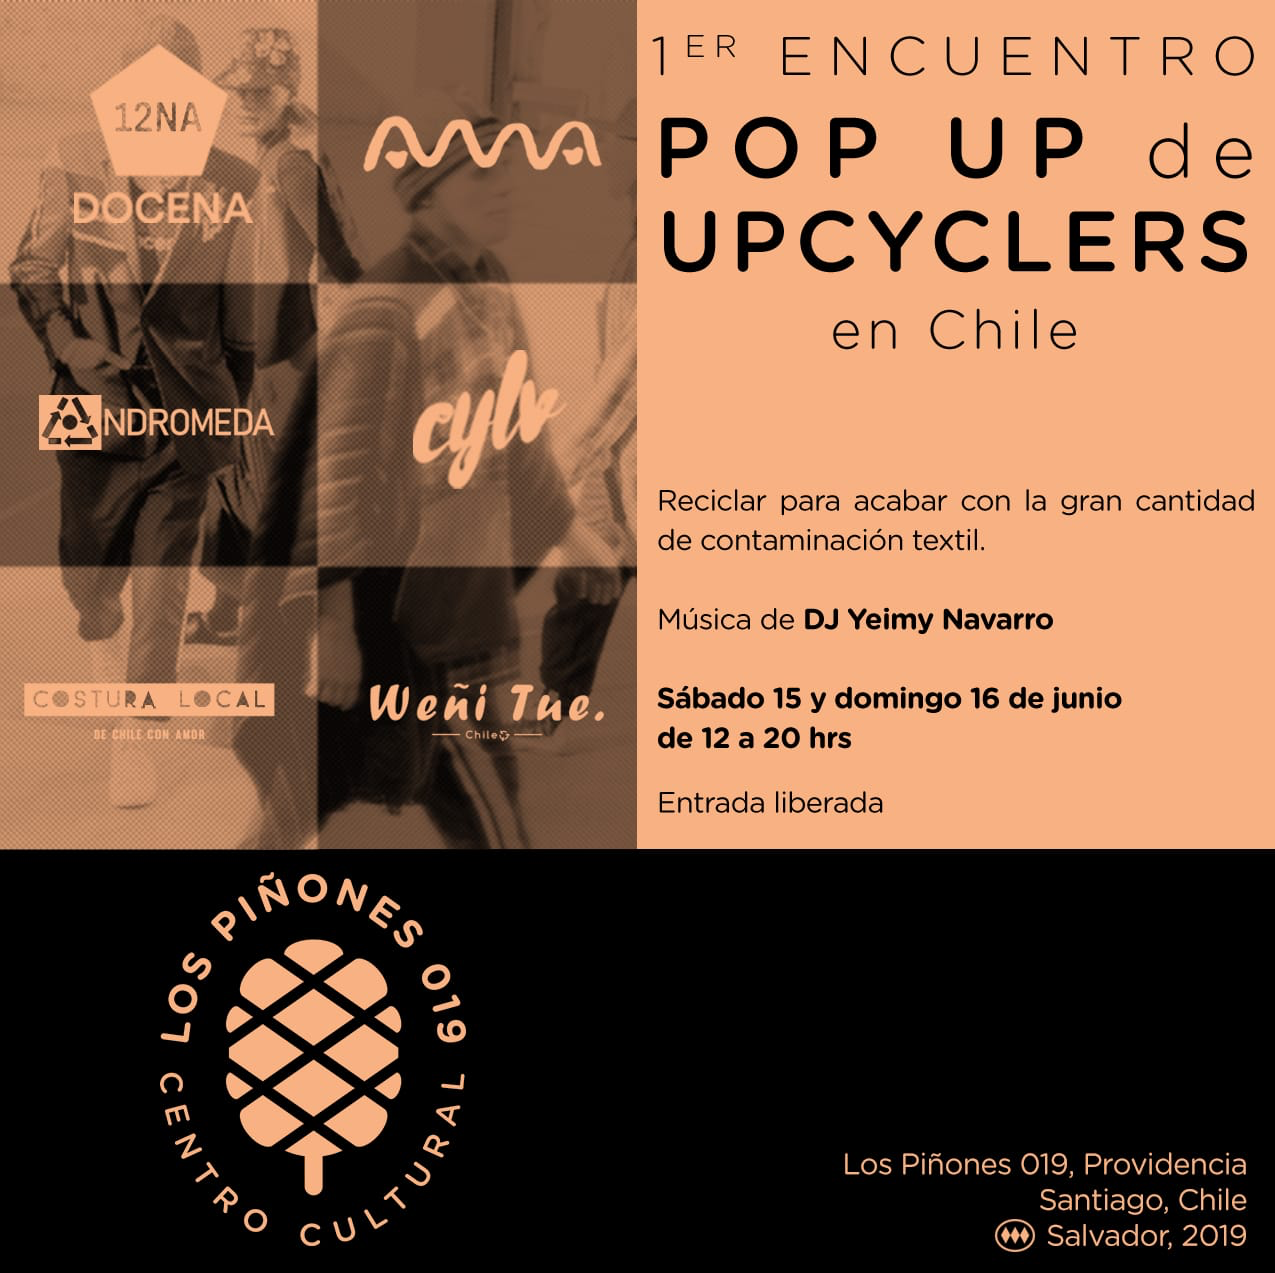 UPCY, el pop up que busca difundir el upcycling en Chile
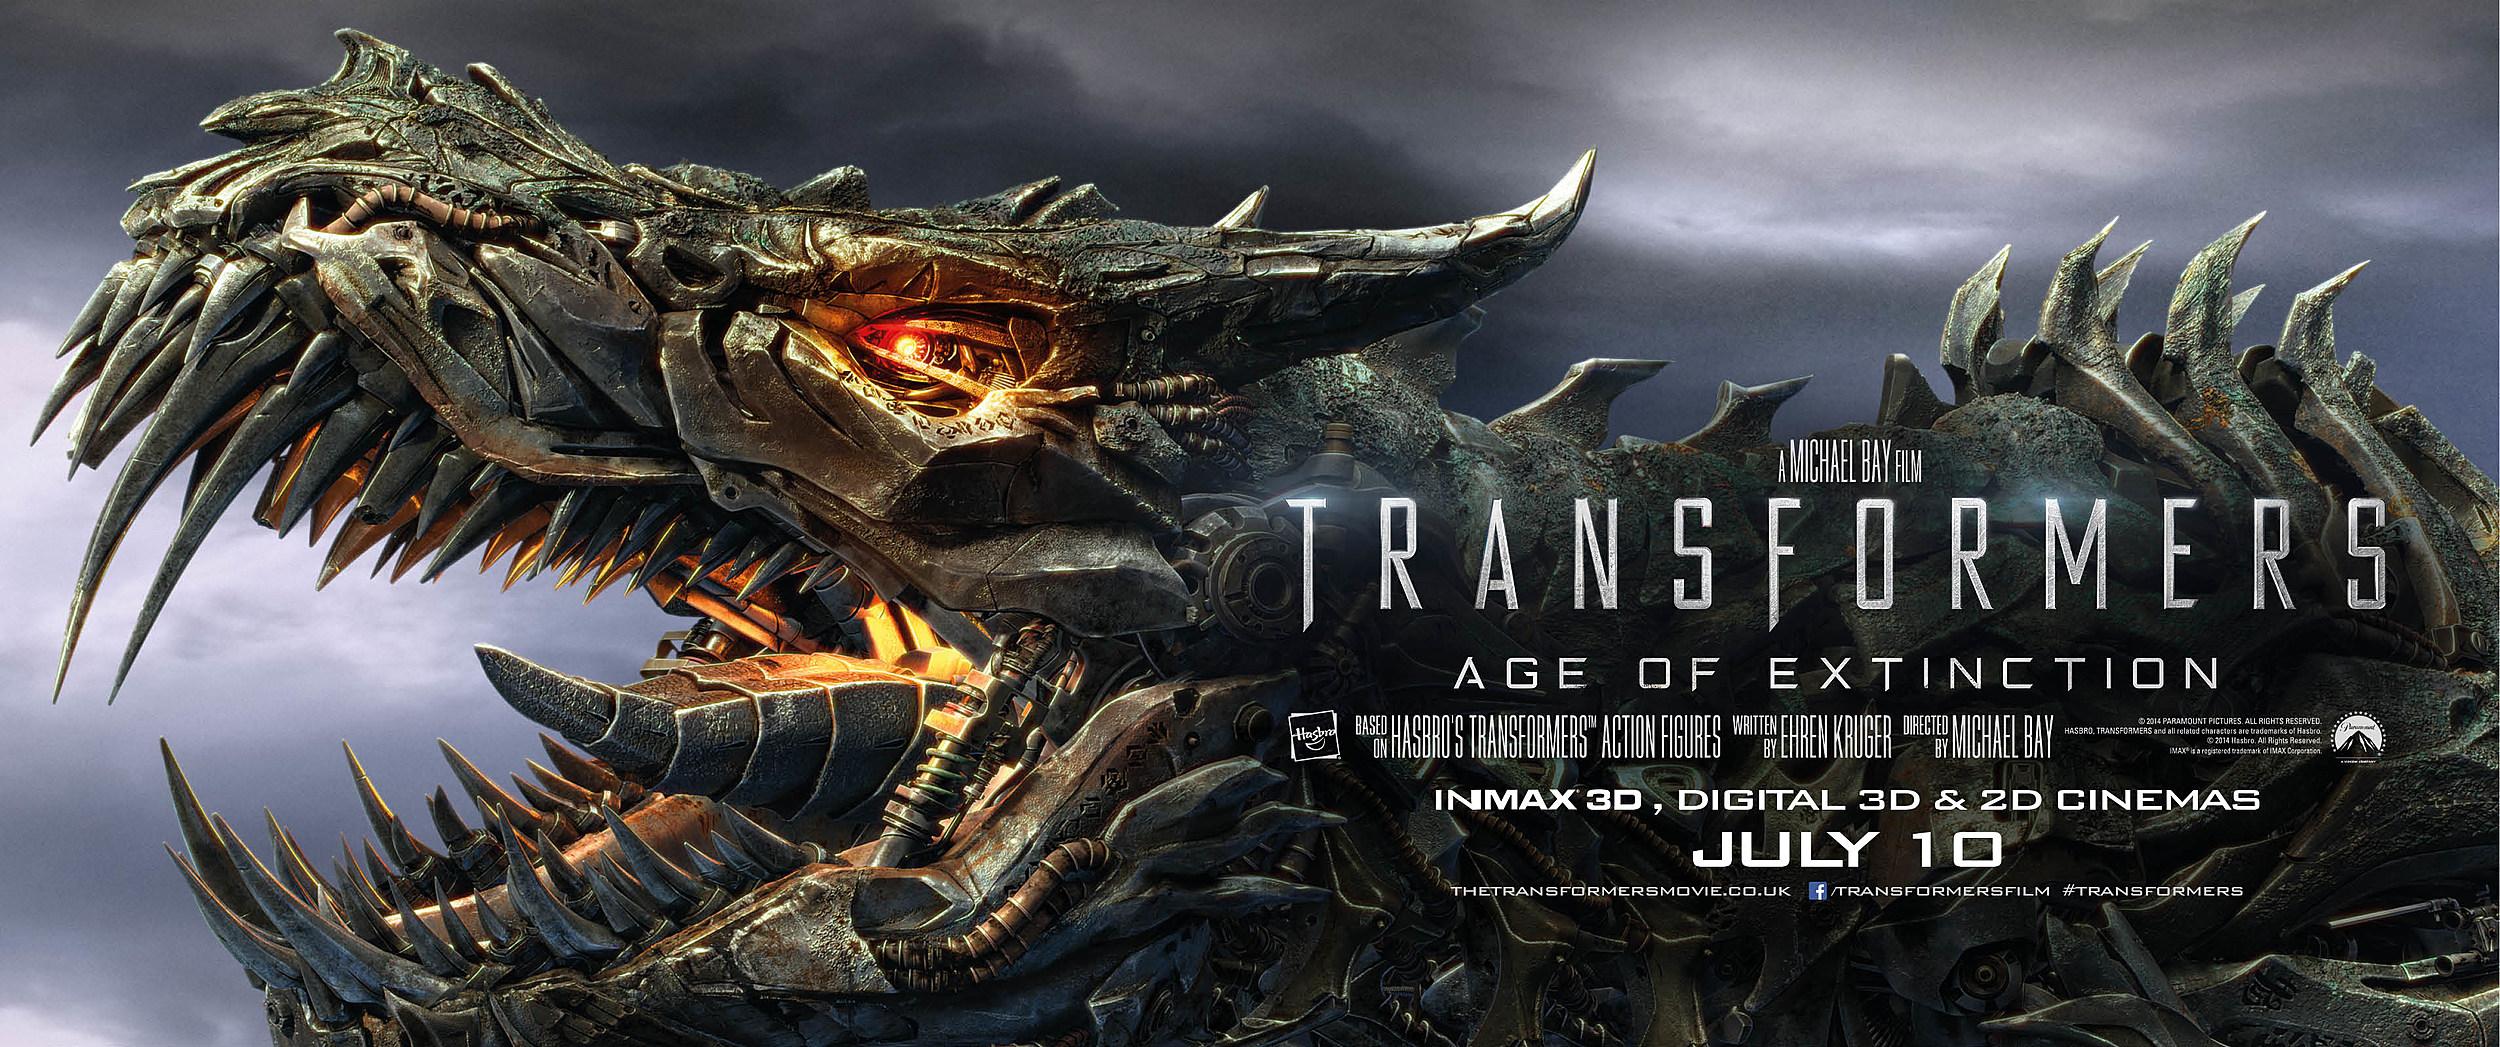 Transformers 4 Banner Grimlock
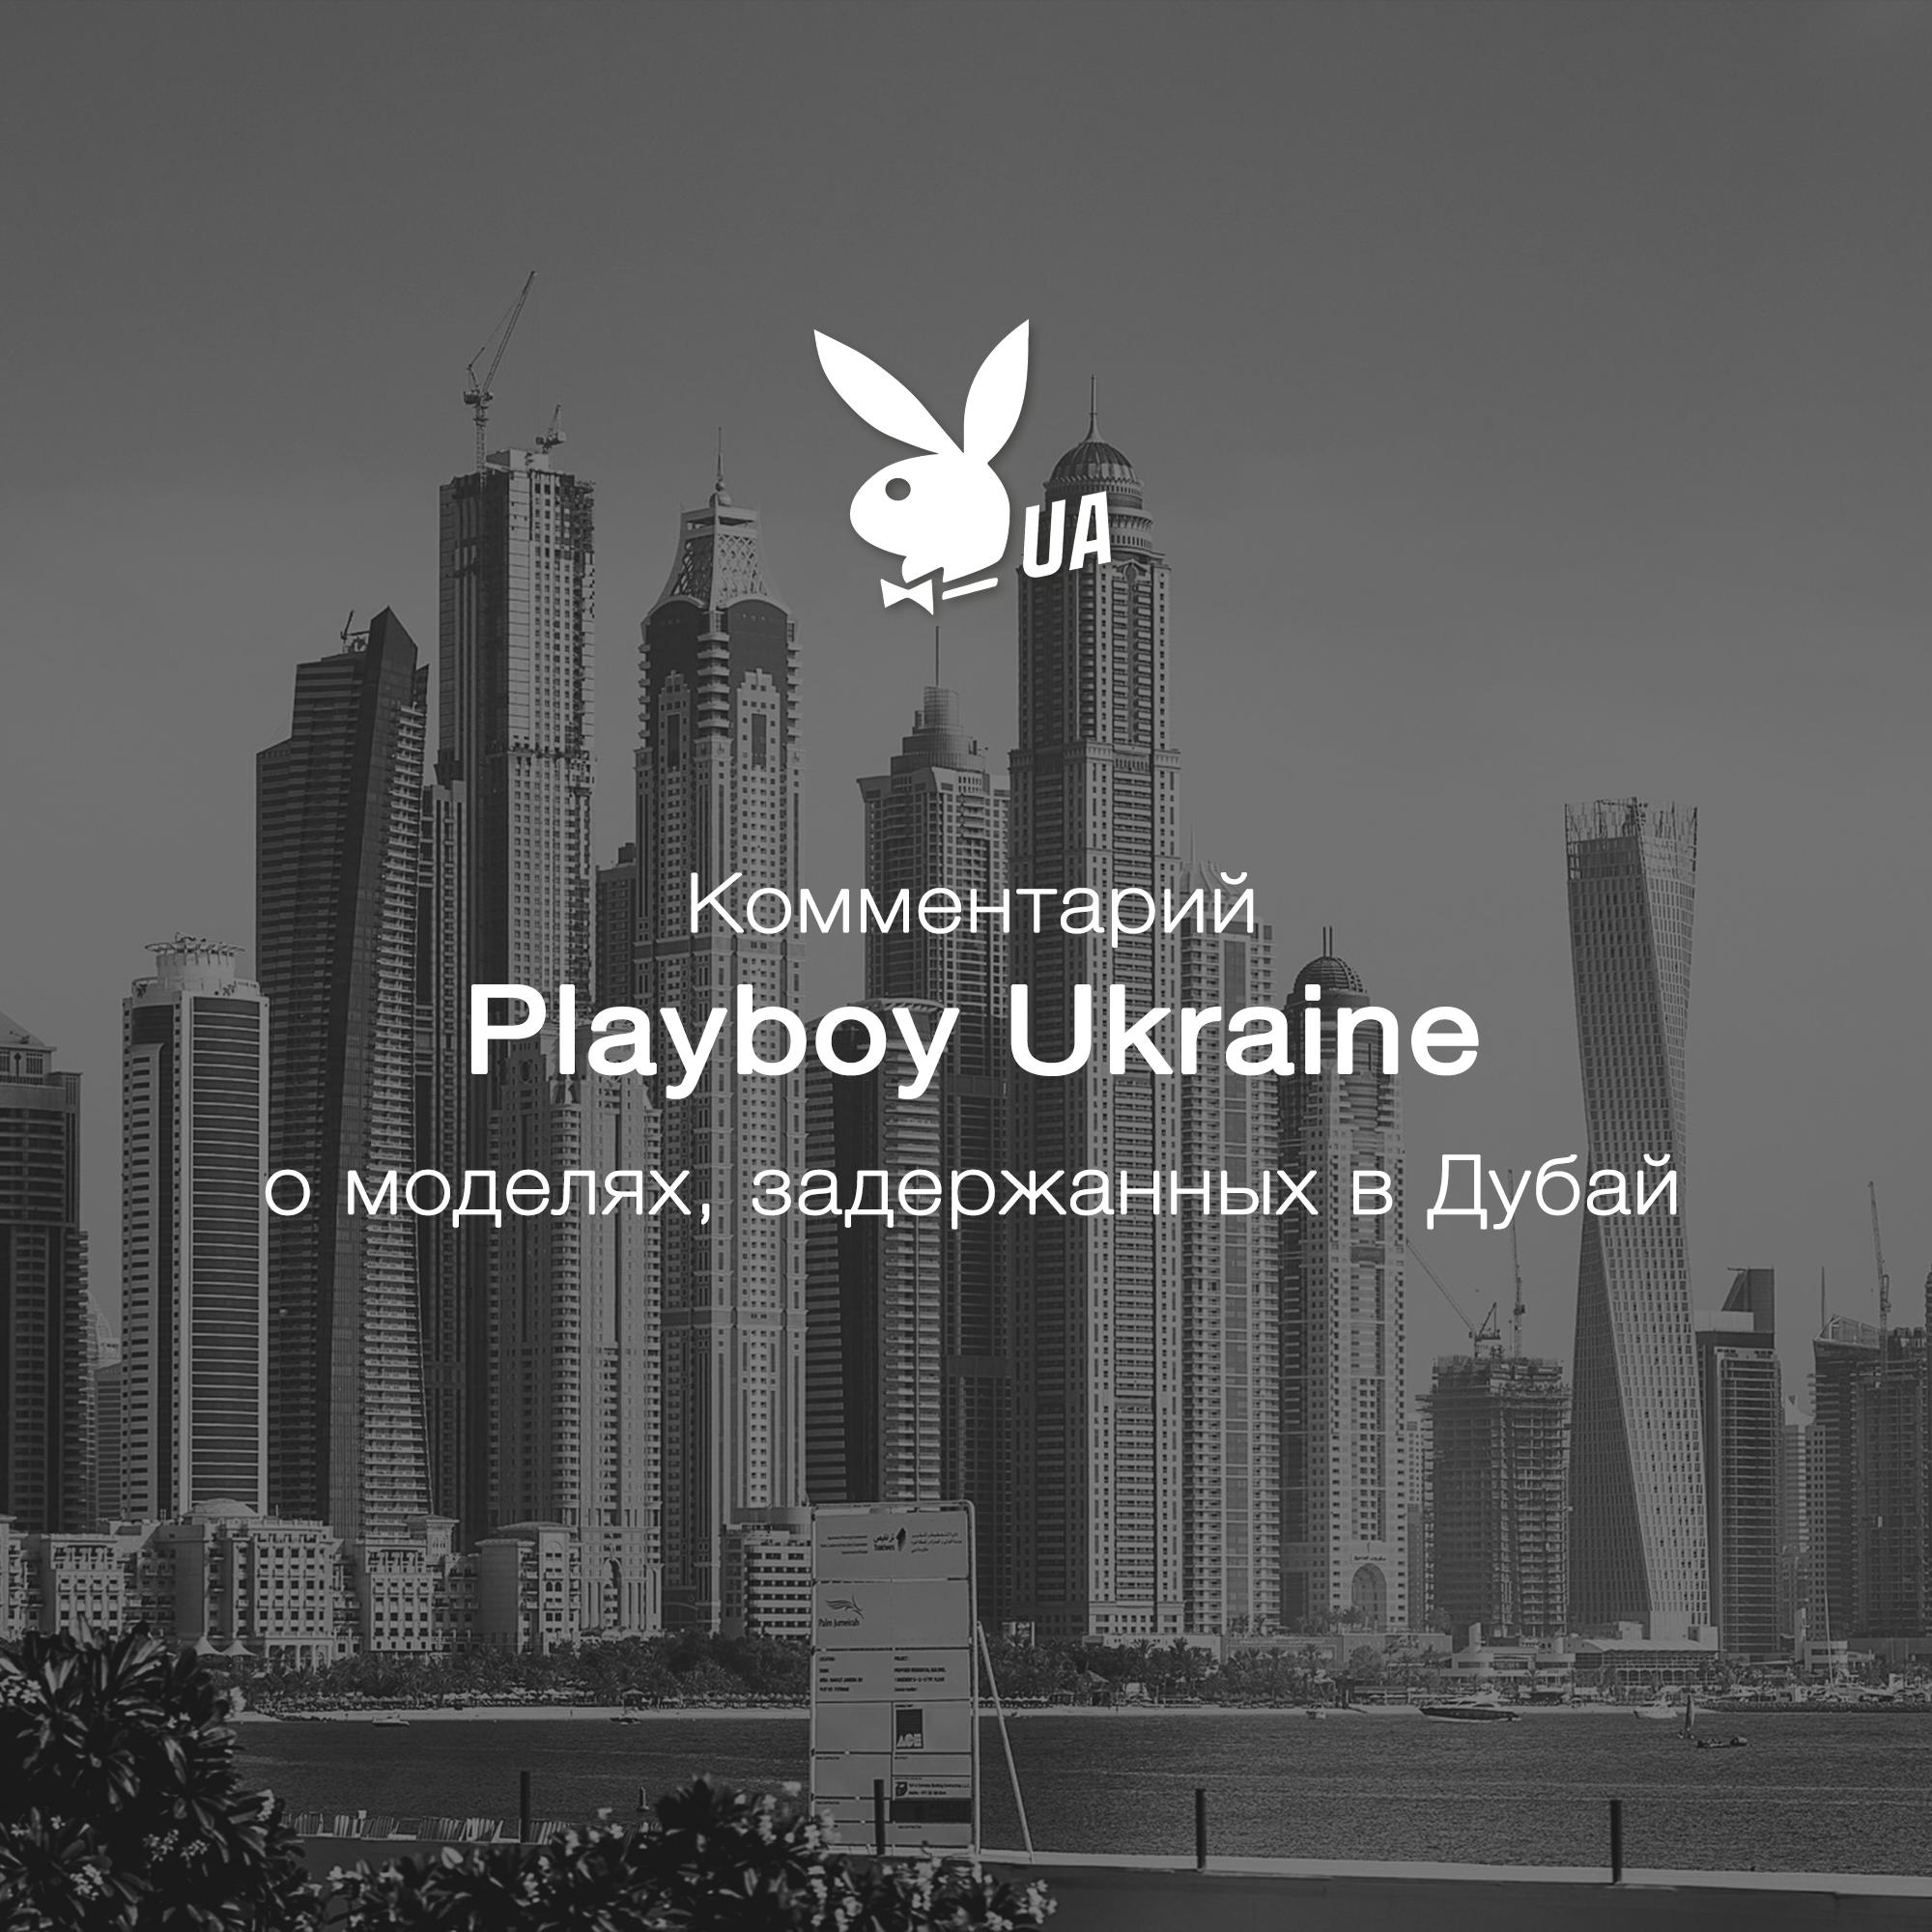 Комментарий Playboy Ukraine о моделях, задержанных в Дубае.

▶ [Exercise objective] Apart from the images, retype the full material exactly as written.

▶ [Result for this task]
 UPCY, el pop up que busca difundir el upcycling en Chile
 Transformers 4 Banner Grimlock
 Комментарий Playboy Ukraine о моделях, задержанных в Дубае.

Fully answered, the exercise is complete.